KS, it’s great you could have a horse. My Dad used them on the farm before the War, but they were all gone by my time. We sent our kids to a horse camp several years, where they could ride and care for their own mount. But we have never had room or money to own any.


"Lou and Sue" said...

Nice reminders of our travels.

JG: The repeated power blackouts??

JG said...

Sue, we live in Northern California and the high fire danger causes the utility to shut off the power frequently. We have gone days without electricity in the fire season.

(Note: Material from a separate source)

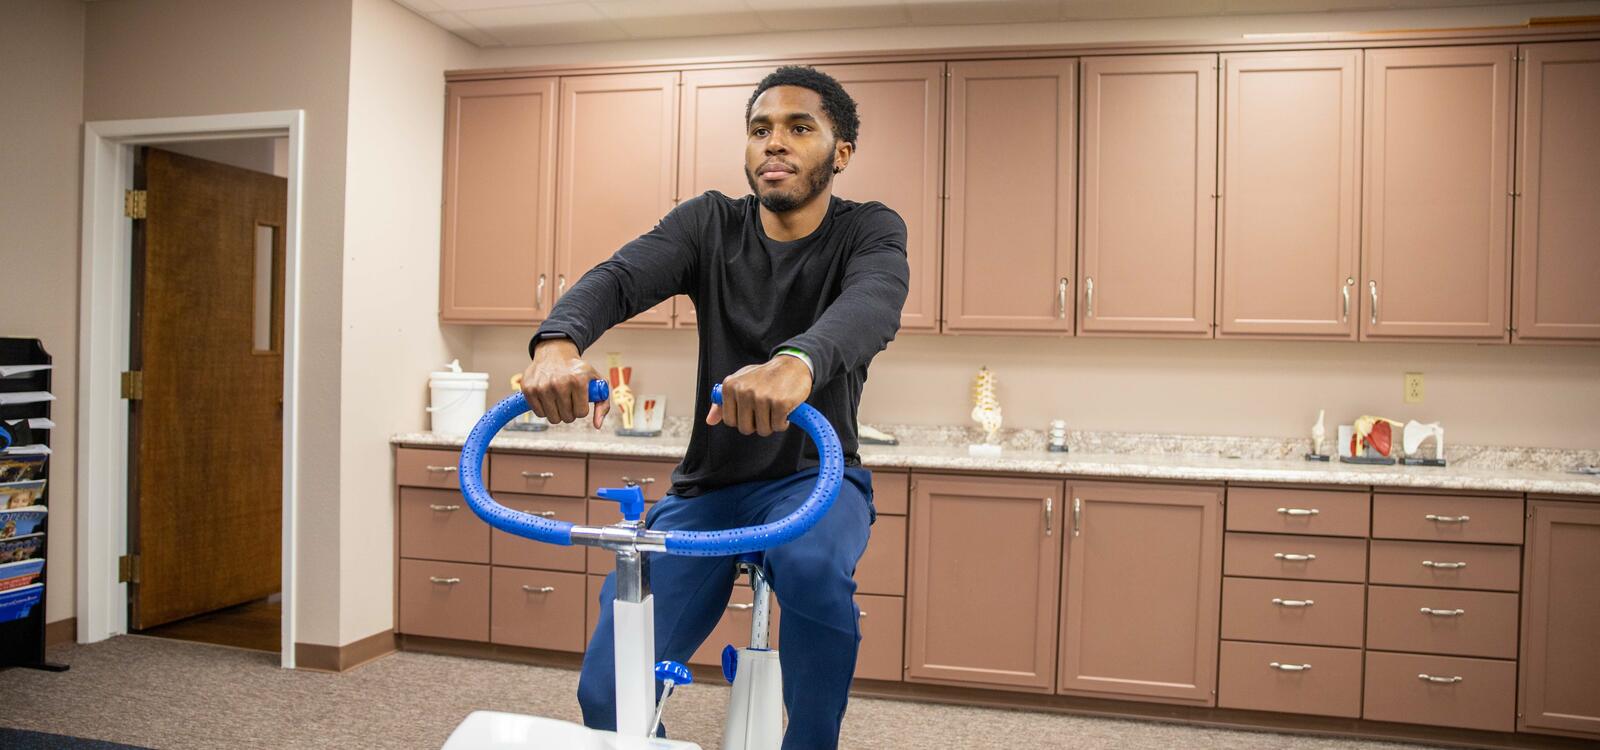 Student using exercise machine in kinesiology building.

I have photovoltaic lanterns and rechargeable flashlights everywhere.


Nanook said...

@ Sue-
I don't know about JG's situation, but up here in Seattle, and beyond, windy weather (not an uncommon occurence) often causes power outages - usually lasting several hours. At the moment the PNW is experiencing a "snow event". Chicken feed for folks in your part of the country, but up here - a much bigger deal - although it happens with enough regularity to not come as a surprise. Up by me, we have about 12-14" of the white stuff, and as long as one need not venture out in it (we have 'adequate' snow removal equipment), it's a lovely winter wonderland.

And thankfully - with no wind. Otherwise, who knows just how many power outages there would be. Can't say the same for the Portland area - they had a ton of freezing rain...

Melissa said...

JG, that boot glass is all kinds of neat! My favorite WDW souvenir was my set of glass tankards from the Liberty Tree Tavern, but they somehow got lost in my last move. Sic transit gloria mundi.

"Lou and Sue" said...

JG, though I was only teasing you that "blackouts" were a nice reminder of your trips, I truly can't imagine days without power! No joking matter, that's for sure! Tonight, it's going to be around 16 degrees below zero (with the windchill factored in) in my area, and losing power for a long period of time could mean frozen pipes that eventually burst "where they may." We have a gas fireplace, gas oven and stove, that we can turn on if the electricity goes out, to warm our little house, but haven't had to ever do that. When we lose power, it's usually for a few hours, at most, thankfully.

Nanook, you do have a winter wonderland happening up there, it sounds like!

JG said...

Melissa, the odd shape and the unique location combined make it a fun souvenir. Honestly, though, glasses like this aren’t great for enjoying whiskey since they have narrow openings that restrict the vapor you need to taste all the aromas of the spirit.

Sorry you lost your tankards. I hate moving.

Sue, we do have gas so we can keep warm, but long blackouts are no fun.


Anonymous said...

Folks...I'm a little late here but my two guys are a bit being a quarter horse and the other a Belgian draft. Both ridden. Mostly trail. Have 5 saddles though. KS

"Lou and Sue" said...

KS, thank you for sharing! PLEASE send the Major pictures to post - would love to see those horses, especially the Belgian draft! Major was hoping you named one "Stormy"...I'm wondering if you named one "Wildfire"?